柳下毅一郎の皆殺し映画通信

『柴公園』 映画が猫のものだと思ったら大間違いだ!ひさびさの犬プロイテーションがやってきた

公式サイトより

柴公園

監督 綾部真弥
脚本 永森裕二
撮影 伊藤麻樹
音楽 沢田ヒロユキ
出演 渋川清彦、大西信満、ドロンズ石本、桜井ユキ、水野勝、松本若菜、寺田農、山下真司、佐藤二朗

 

face 映画が猫のものだと思ったら大間違いだ! ありあまる猫プロイテーションに対抗すべく、犬派の反撃がはじまった! というわけでひさびさの犬プロイテーションがやってきた。元はローカル局発のバラエティドラマらしく、柴犬を愛でるおっさんたちが集まる公園こと「柴公園」(場所は芝公園だったりして!?と思ったら場所は品川区らしく、本当に芝公園にあるのかも)に集う三人のおっさんがだらだらと起伏のないトークをくっちゃべる。で、その映画化である。テレビの方は見ていないのだが、だいたいがこういう「何もないのがいい」的なバラエティを映画にすると無理やり起伏のあるストーリーをつけていろいろ台無しにしてしまう--いわゆる「混沌に目鼻をつける馬鹿」問題が発生するのだが、本作もその点例外ではなく……

 

 

柴犬「あたる」の飼い主である「あたるパパ」(渋川清彦)は大学で苔の研究をする四十代独身男性。

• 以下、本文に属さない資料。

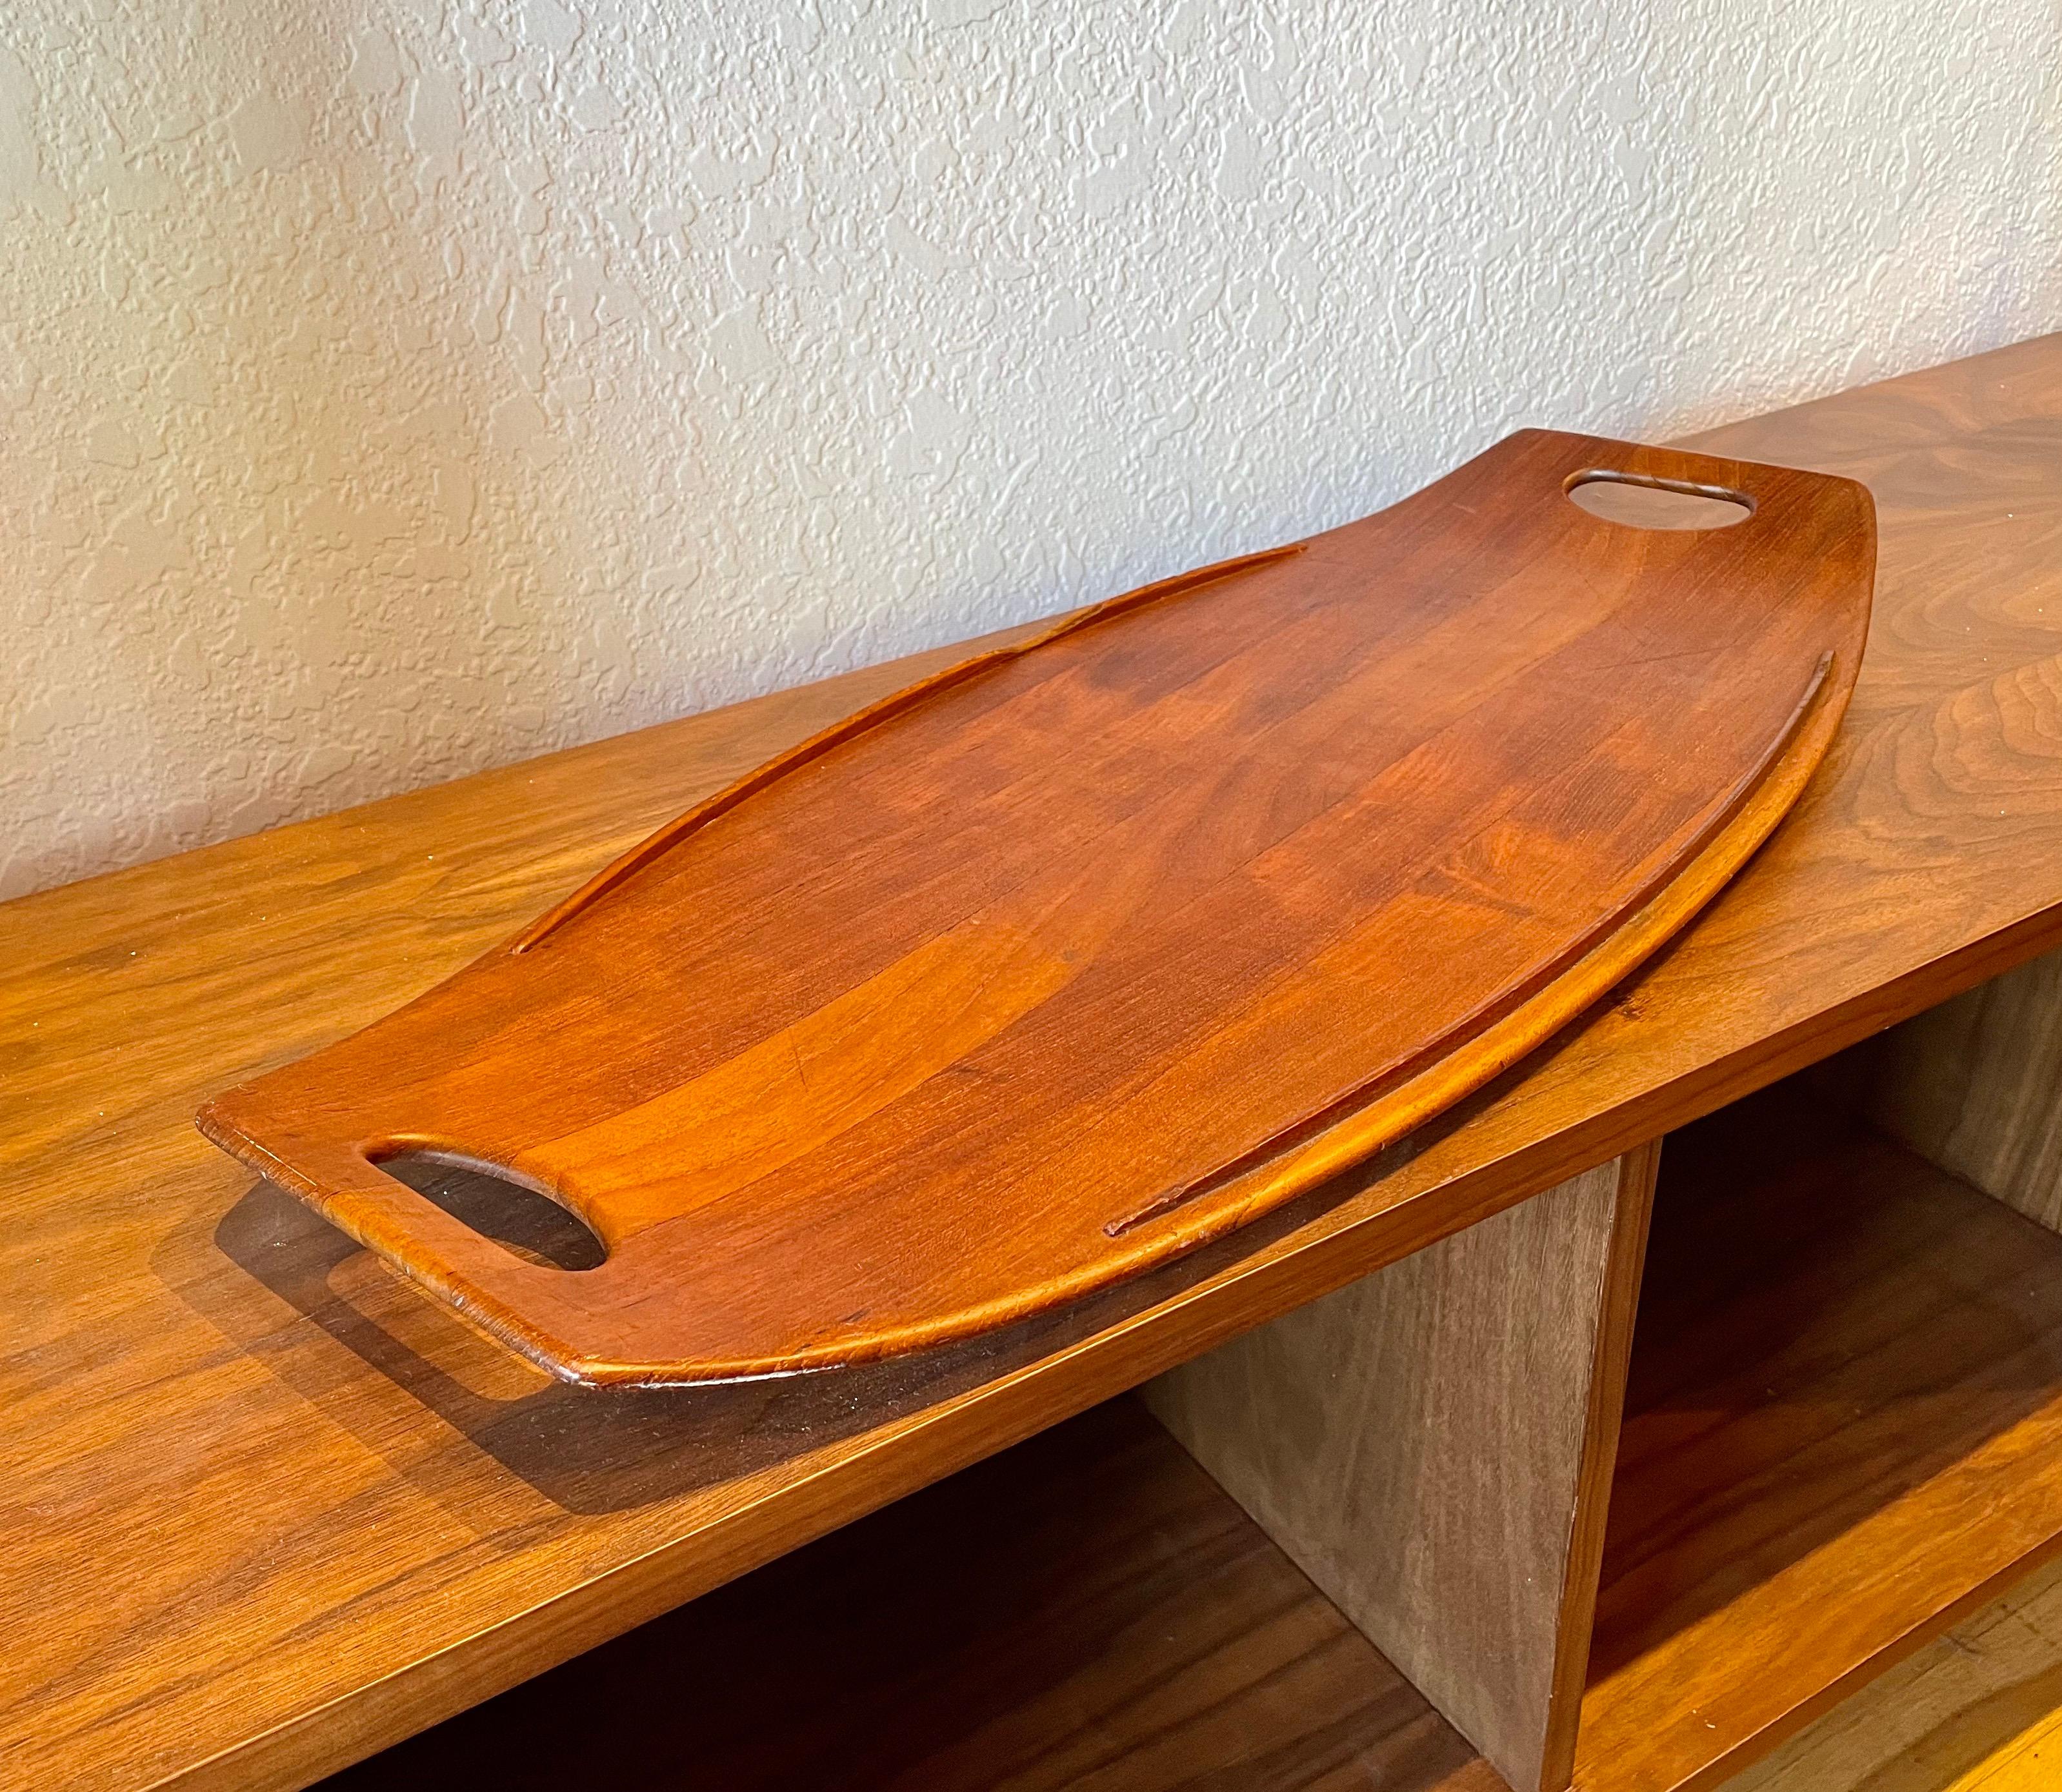 Solid Xlarge Teak Gondola Tray Designed by Quistgaard for Dansk Early Production In Fair Condition For Sale In San Diego, CA

苔には夢中だが人間にはまったく興味のない男、唯一の趣味は柴犬「あたる」の世話である。四十代苔研究者には似つかわしくないタワーマンション高層階の広い部屋に一人暮らしの「あたるパパ」、家にはドッグカメラFurbo を置き、通勤時間も研究の合間もスマホで犬の様子を見てはニタニタしている。ある日たまたまペットショップの店頭で出会った「あたる」に一目惚れしてマンションで飼いはじめたのだという。現在「むっちゃ変な人」である友人から預かっているという子犬も連れており、苦労しながら二匹散歩させている。この「むっちゃ変な人」という時点で嫌な予感がしていたのだが、演じるのが佐藤二朗。テレビ電話をかけてきてはクソ面白くもない会話を延々とつづける。

さて、そんな「あたるパパ」には、同じ柴犬オーナー仲間がいる。それが毎日公園で会うじっちゃんパパ(大西信満)とさちこパパ(ドロンズ石本)である。三人でベンチに座り、どうでもいい会話をかわすのが日課となっている。何度かくりかえされるこの場面なのだが、ベンチに横並びに座った三人が喋ってるのを撮るだけだと画面に動きがないと思ったのか、ほぼセリフごとに(あいづちまで含めて)カットを割っていく驚くほど目まぐるしい編集。さらには画面分割までして、落ち着かないことおびただしい。冒頭のこのシーン見ただけで、もうさっさと帰りたく……細かく映像をいじったからって、面白くもない会話が興味深くなるわけじゃないよ!